As a result of these amendments and various decisions of the Supreme
Court, the principle of republicanism that originated in England and was
carried across the Atlantic to the American colonies has changed substantially over the years, and representative government today is considerably different from what it was two hundred years ago. The basis of
representation in State and Federal legislative assemblies has changed as
a result of the ‘‘one person, one vote’’ decisions of the Supreme Court,
and the main standards for voter qualification in elections, whether Federal, State, or local, are now set by the Federal government instead of the
States.
The degree to which these changes have contributed to the growth of
liberty, order, and justice is a complex question.
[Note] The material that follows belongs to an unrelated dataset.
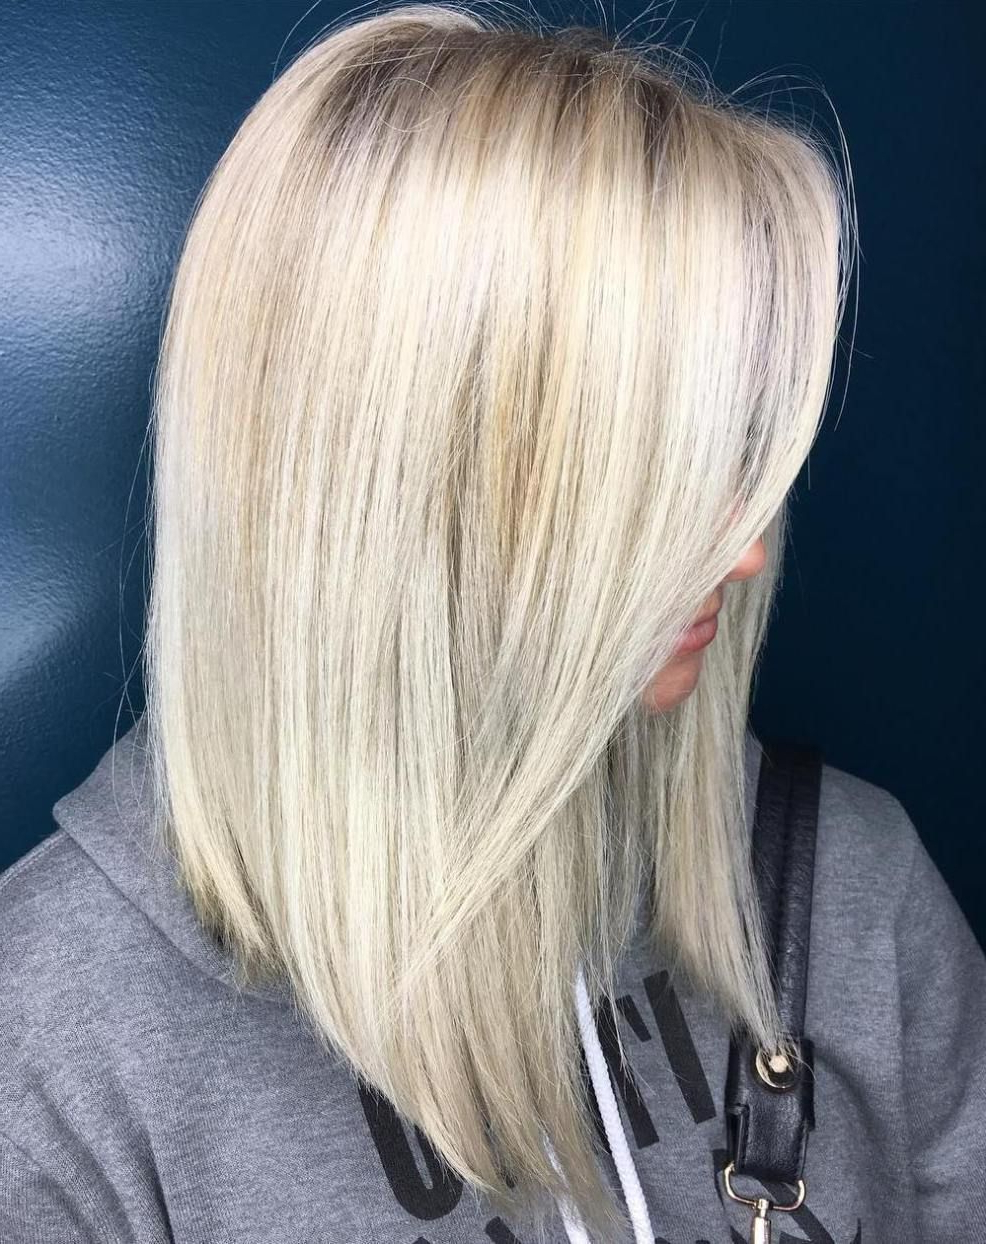 Blond Pertaining To 2017 Platinum Blonde Medium Hairstyles (View 7 of 20)

Although there is more
political freedom in the United States than possibly any other country in
the world, at least a third of the American electorate—and often as much
as half—refuses to participate in the political process or exercise the right
to vote. Ironically, political apathy seems to have increased with the expansion of the suffrage.
The price of liberty, it has been said, is eternal vigilance. Can democratic government promote and protect liberty, order, and justice if half
the population is failing to hold public officials accountable for their actions? Is there a lesson to be learned from the history of ancient Rome?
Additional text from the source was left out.